DATA:
※

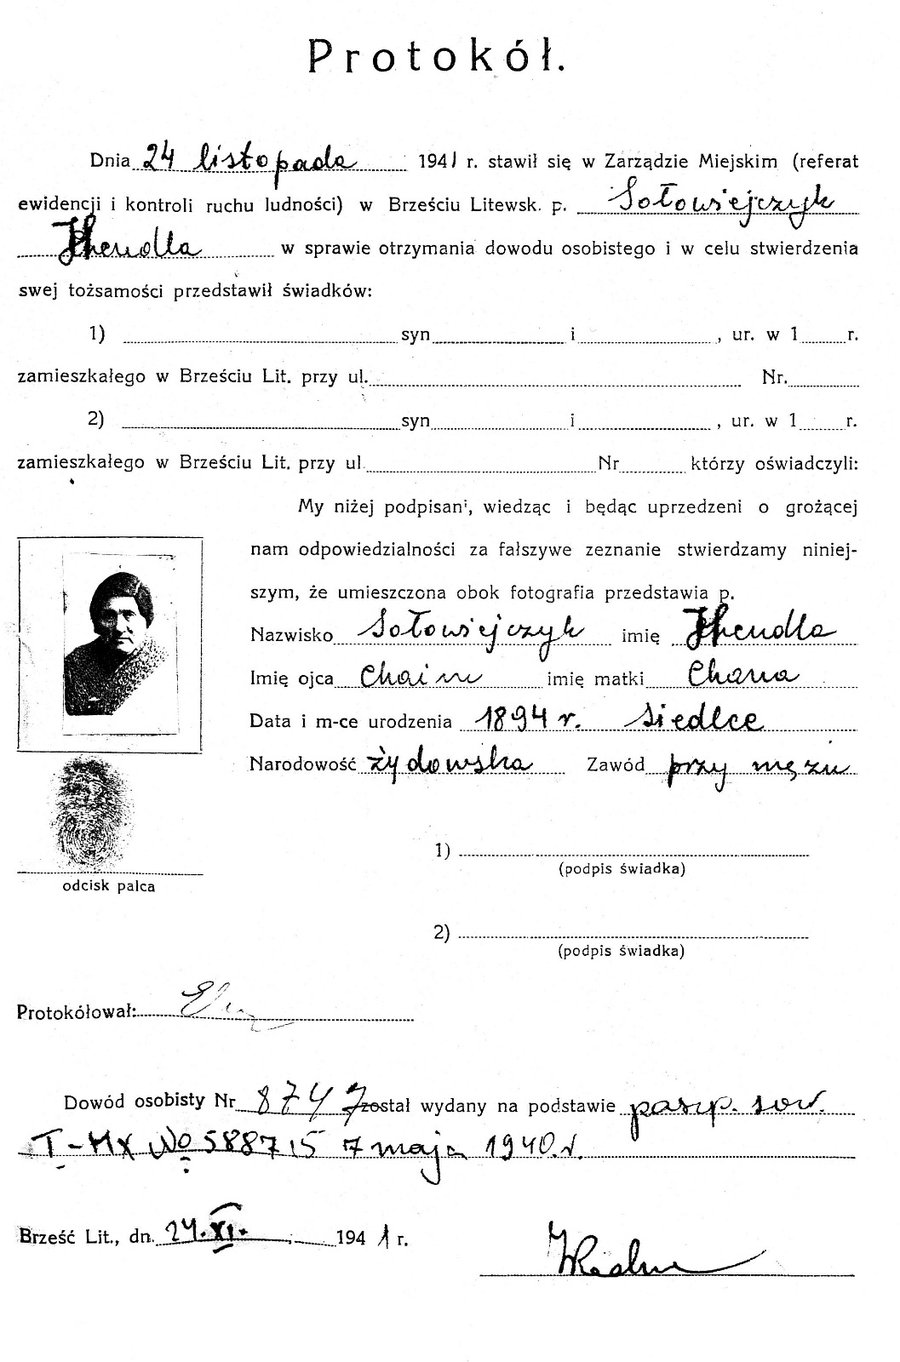 תעודת הגיטו של הרבנית הנדל &ndash; אשת מרן הגרי"ז סולובייצ'יק
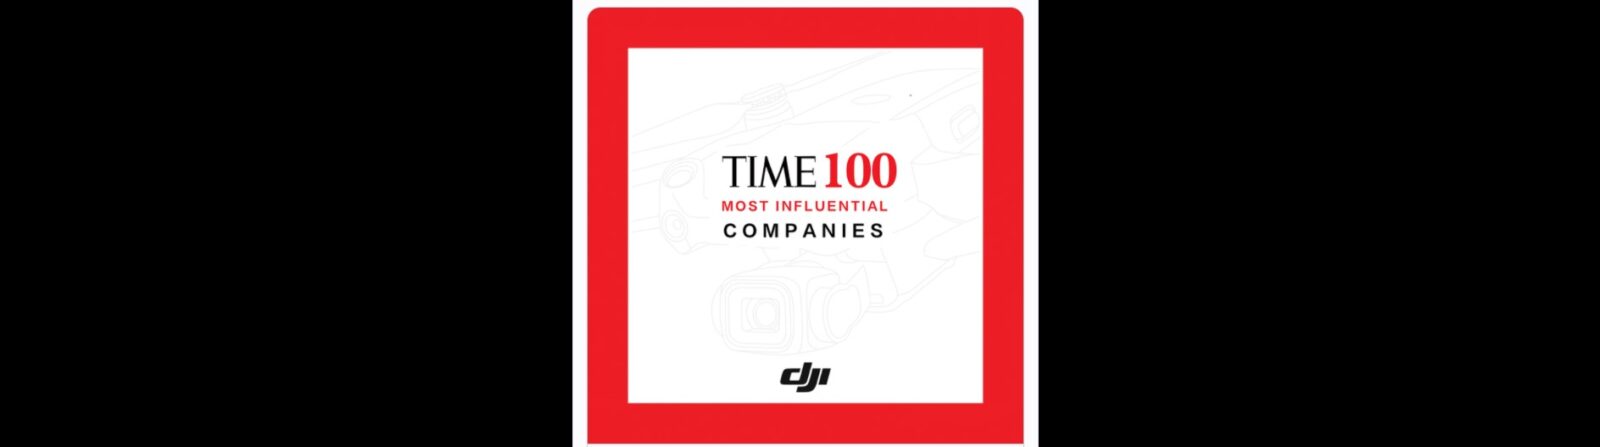 DJI вошла в список 100 самых влиятельных компаний по версии журнала Time
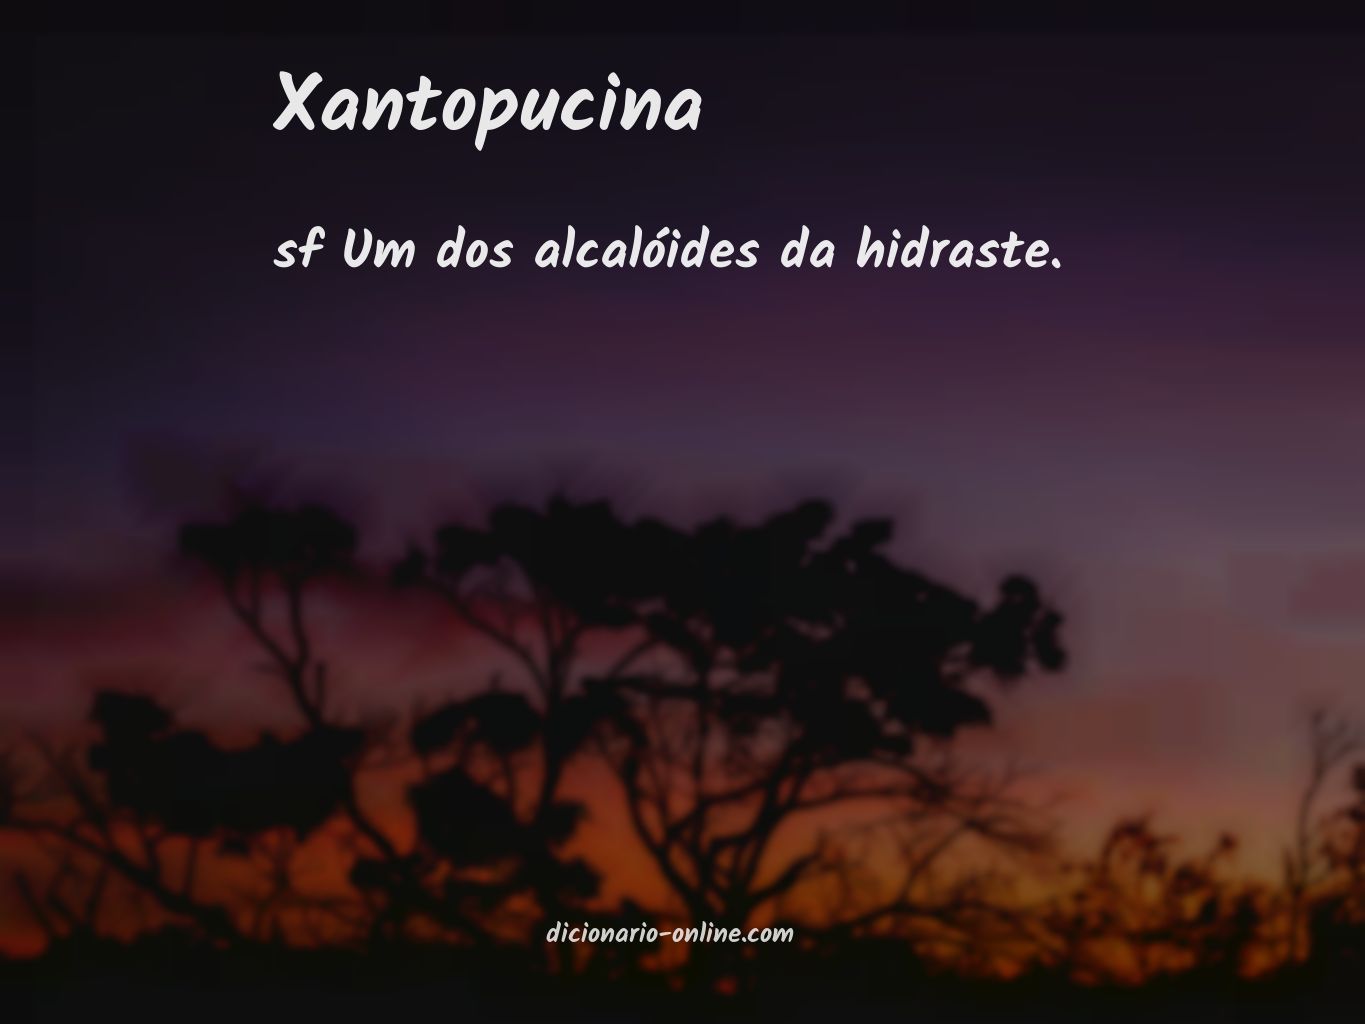 Significado de xantopucina

※

ABOUT THIS TASK:
Using the data above, write out every line exactly, leaving the images behind.

WORKED SOLUTION:
 תעודת הגיטו של הרבנית הנדל &ndash; אשת מרן הגרי"ז סולובייצ'יק
 DJI вошла в список 100 самых влиятельных компаний по версии журнала Time
 Significado de xantopucina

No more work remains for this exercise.